Cymbalta® (duloxetine hydrochloride) is a selective serotonin and norepinephrine reuptake inhibitor (SSNRI) for oral administration. Its chemical designation is (+)-(S)-N-methyl-γ-(1-naphthyloxy)-2-thiophenepropylamine hydrochloride. The empirical formula is C18H19NOSHCl, which corresponds to a molecular weight of 333.88. The structural formula is:
Duloxetine hydrochloride is a white to slightly brownish white solid, which is slightly soluble in water.
Each capsule contains enteric-coated pellets of 22.4, 33.7, or 67.3 mg of duloxetine hydrochloride equivalent to 20, 30, or 60 mg of duloxetine, respectively. These enteric-coated pellets are designed to prevent degradation of the drug in the acidic environment of the stomach. Inactive ingredients include FD&C Blue No. 2, gelatin, hypromellose, hydroxypropyl methylcellulose acetate succinate, sodium lauryl sulfate, sucrose, sugar spheres, talc, titanium dioxide, and triethyl citrate. The 20 and 60 mg capsules also contain iron oxide yellow.
Although the exact mechanisms of the antidepressant, central pain inhibitory and anxiolytic actions of duloxetine in humans are unknown, these actions are believed to be related to its potentiation of serotonergic and noradrenergic activity in the CNS.

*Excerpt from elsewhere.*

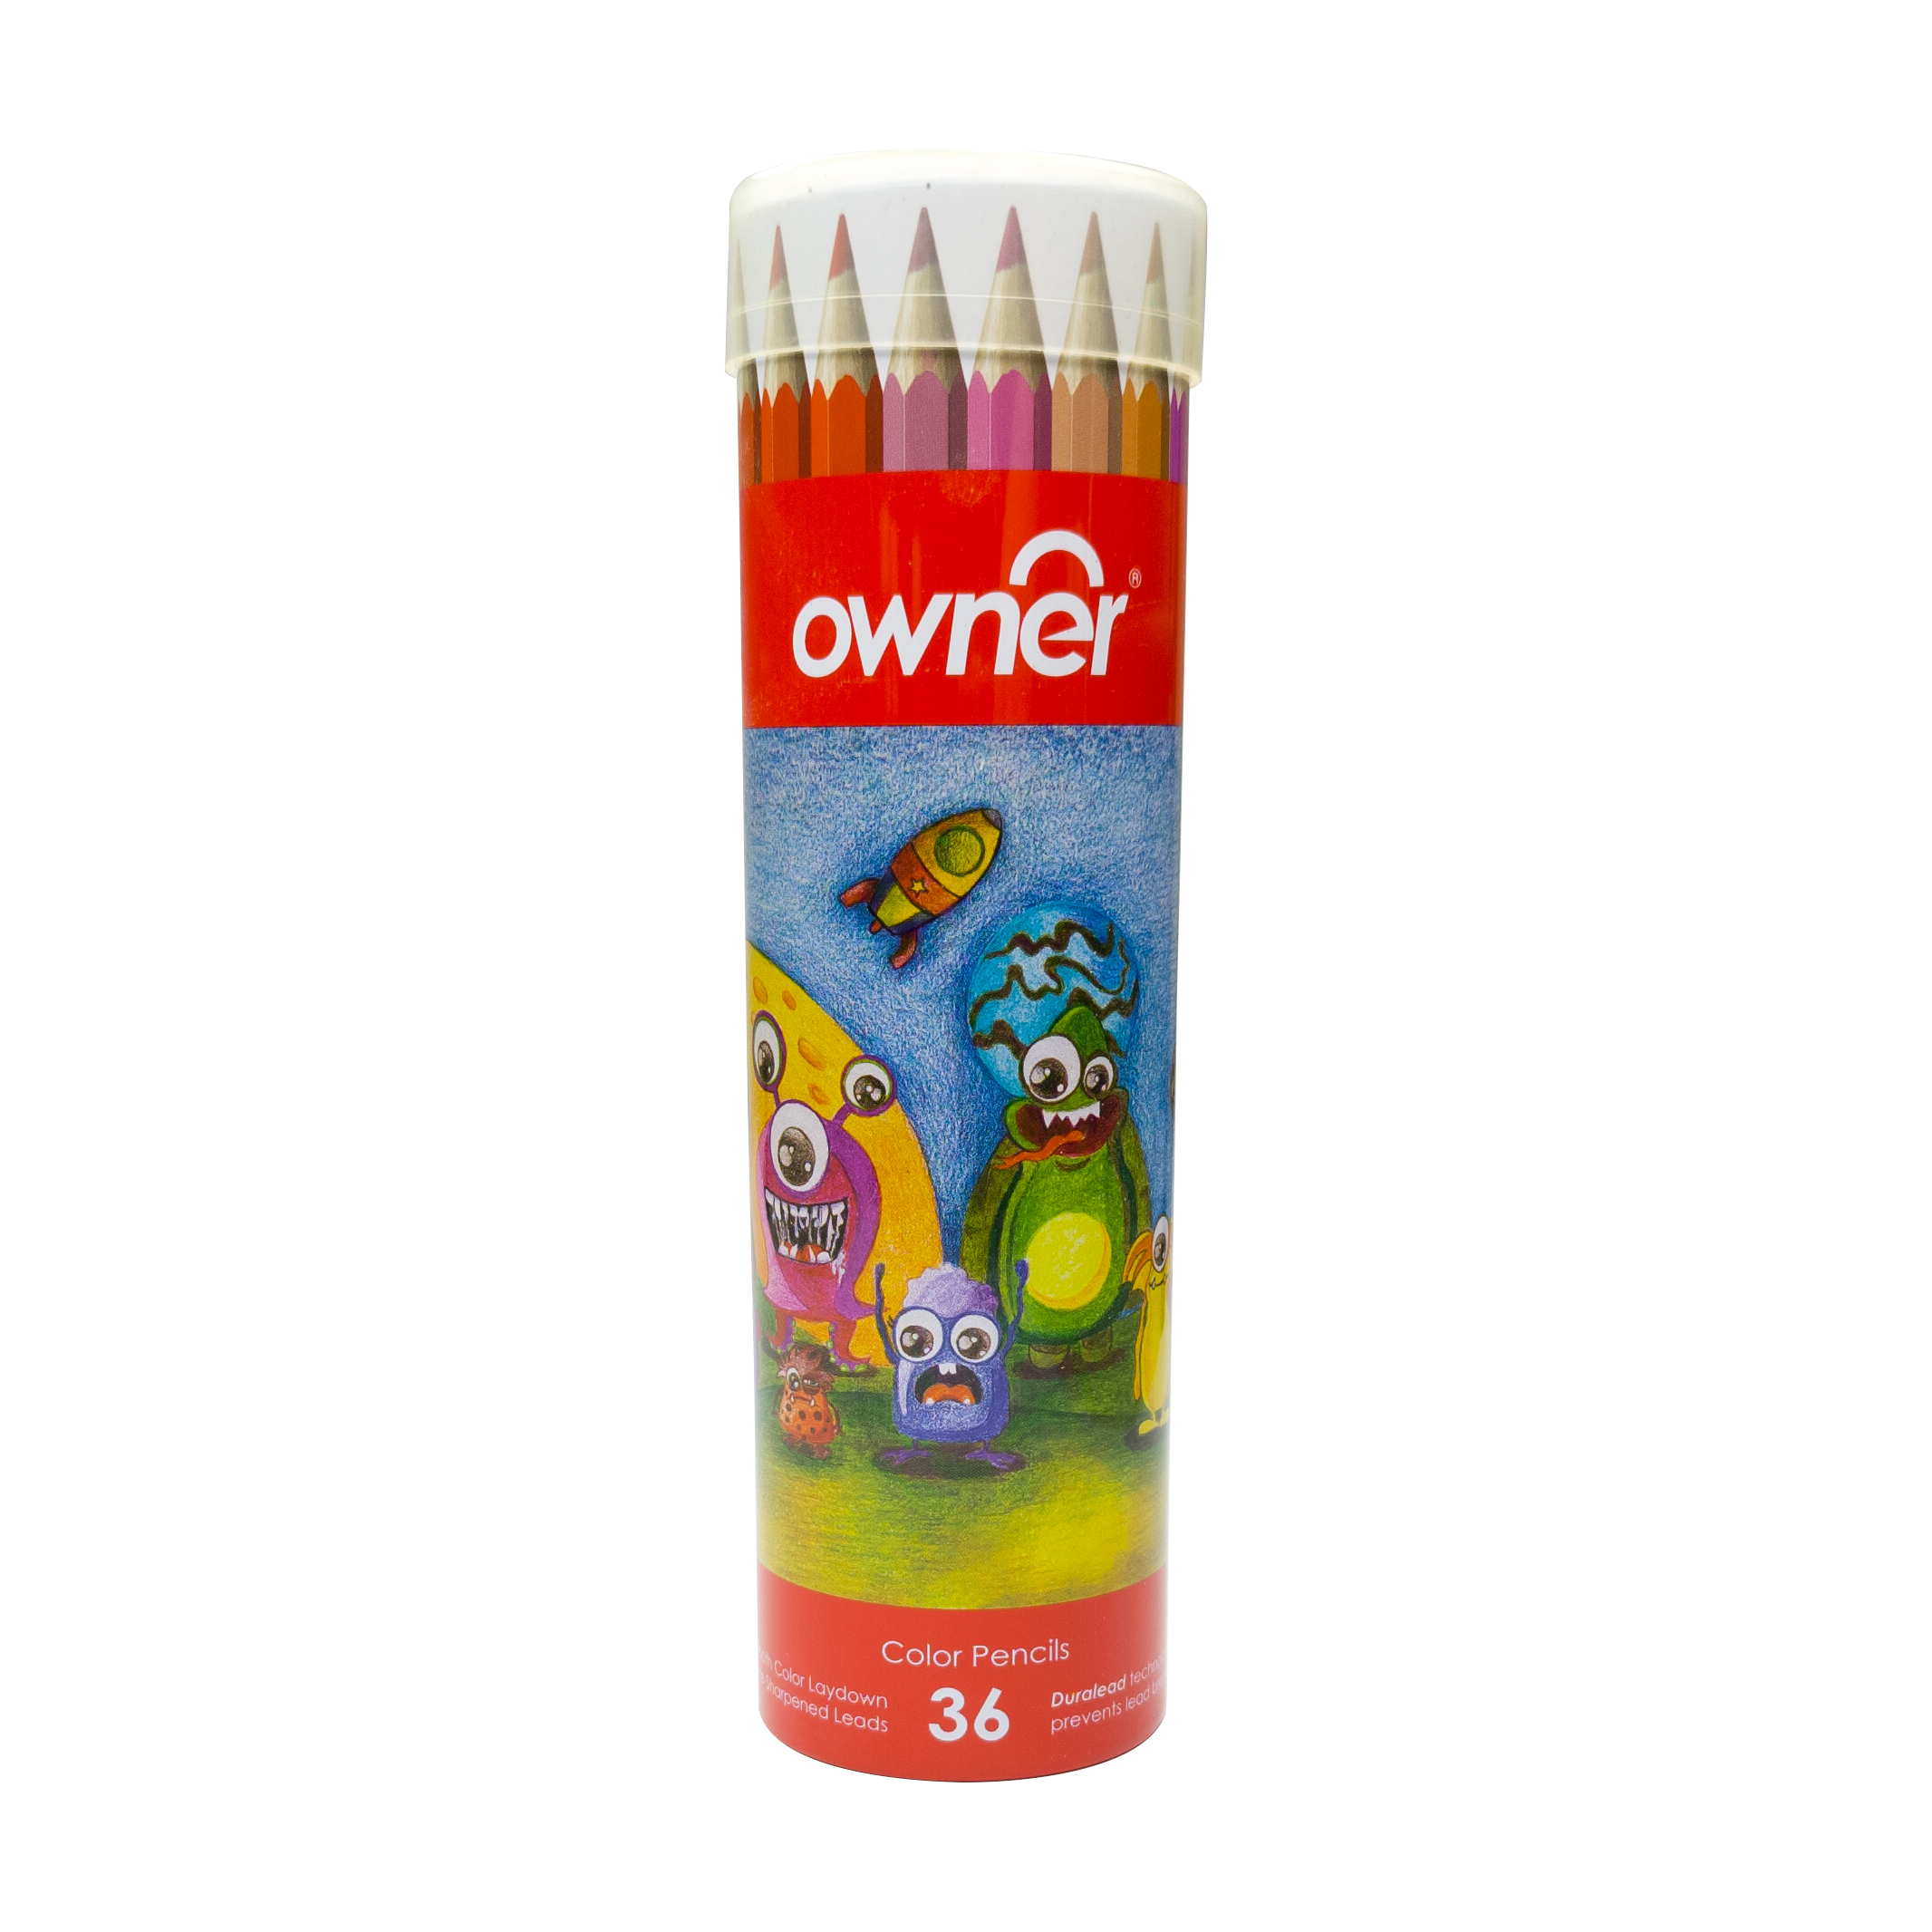  مداد رنگی 36 رنگ اونر مدل استوانه ای طرح آدم فضایی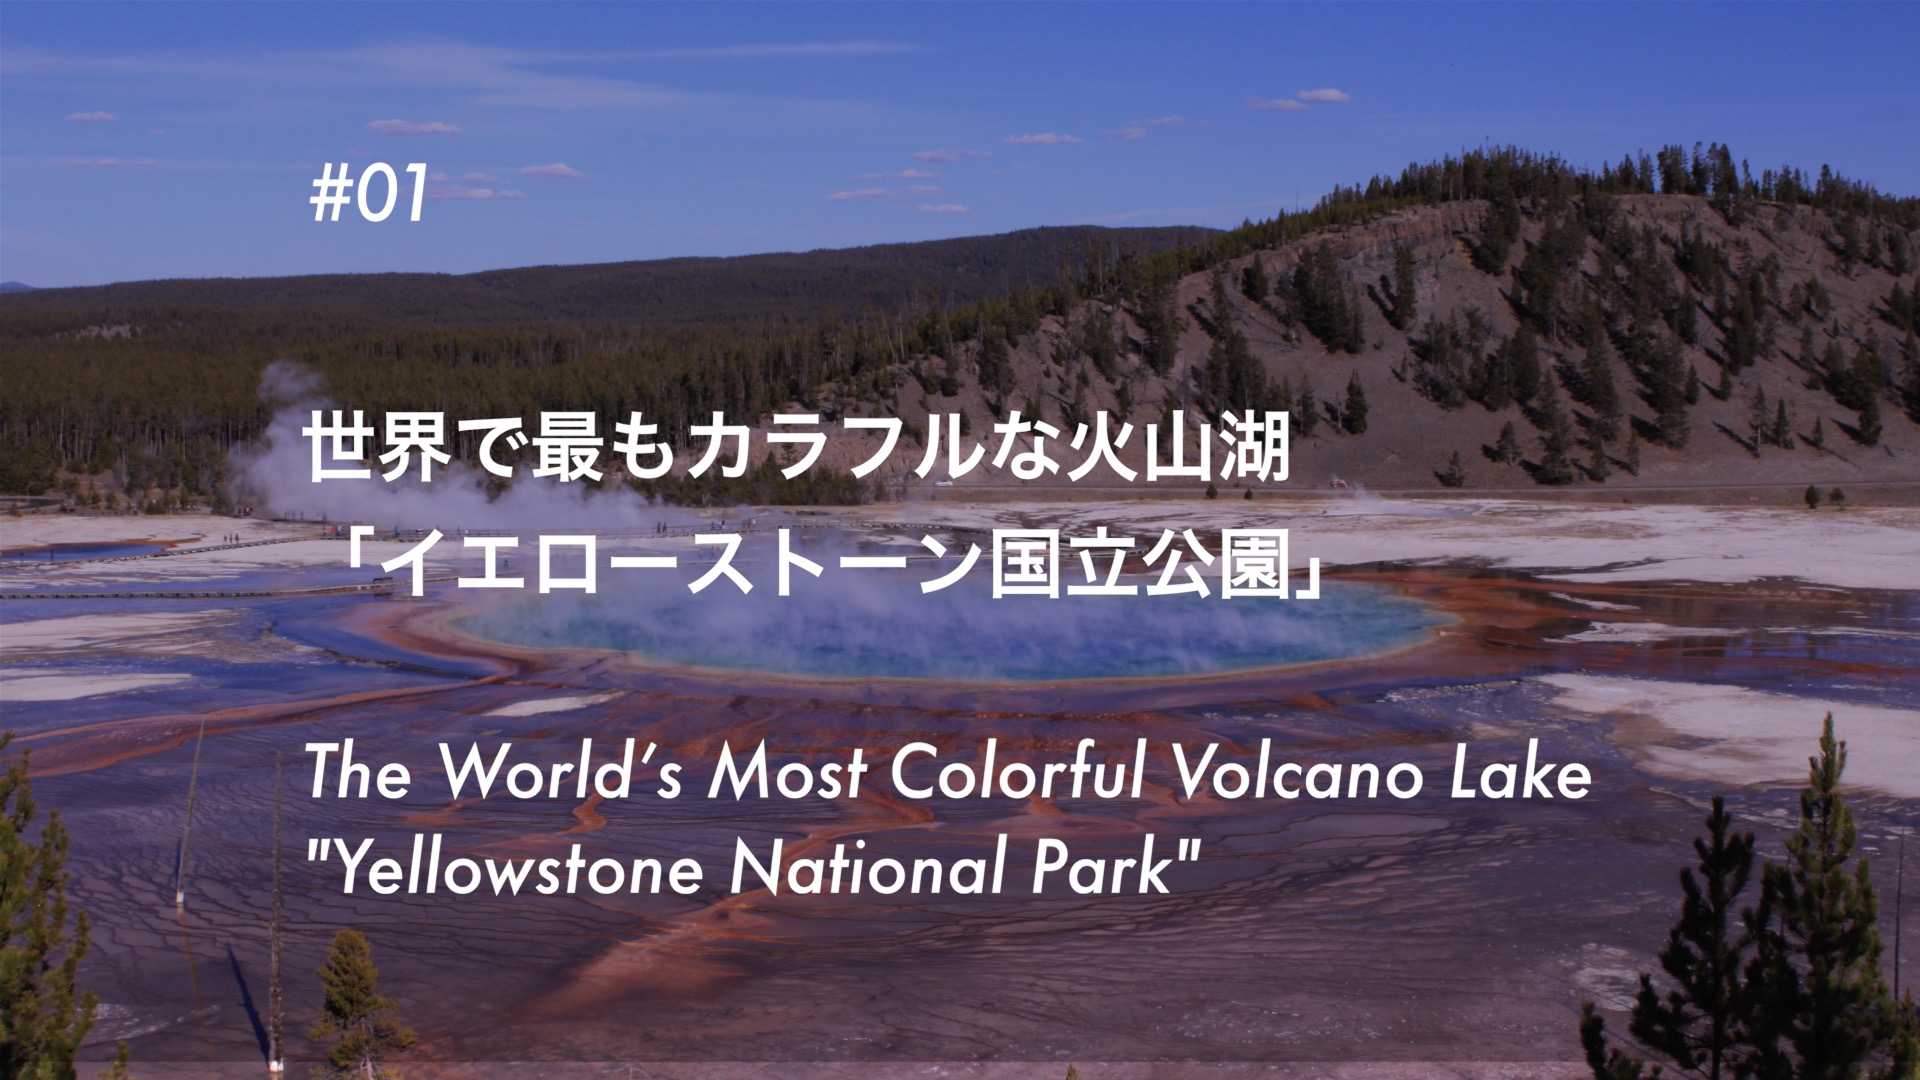 #01 世界で最もカラフルな火山湖 「イエローストーン国立公園」- The World’s Most Colorful Volcano Lake “Yellowstone National Park”

Preclinical studies have shown that duloxetine is a potent inhibitor of neuronal serotonin and norepinephrine reuptake and a less potent inhibitor of dopamine reuptake. Duloxetine has no significant affinity for dopaminergic, adrenergic, cholinergic, histaminergic, opioid, glutamate, and GABA receptors in vitro. Duloxetine does not inhibit monoamine oxidase (MAO).
Cymbalta is in a class of drugs known to affect urethral resistance. If symptoms of urinary hesitation develop during treatment with Cymbalta, consideration should be given to the possibility that they might be drug-related.
Duloxetine has an elimination half-life of about 12 hours (range 8 to 17 hours) and its pharmacokinetics are dose proportional over the therapeutic range. Steady-state plasma concentrations are typically achieved after 3 days of dosing. Elimination of duloxetine is mainly through hepatic metabolism involving two P450 isozymes, CYP1A2 and CYP2D6.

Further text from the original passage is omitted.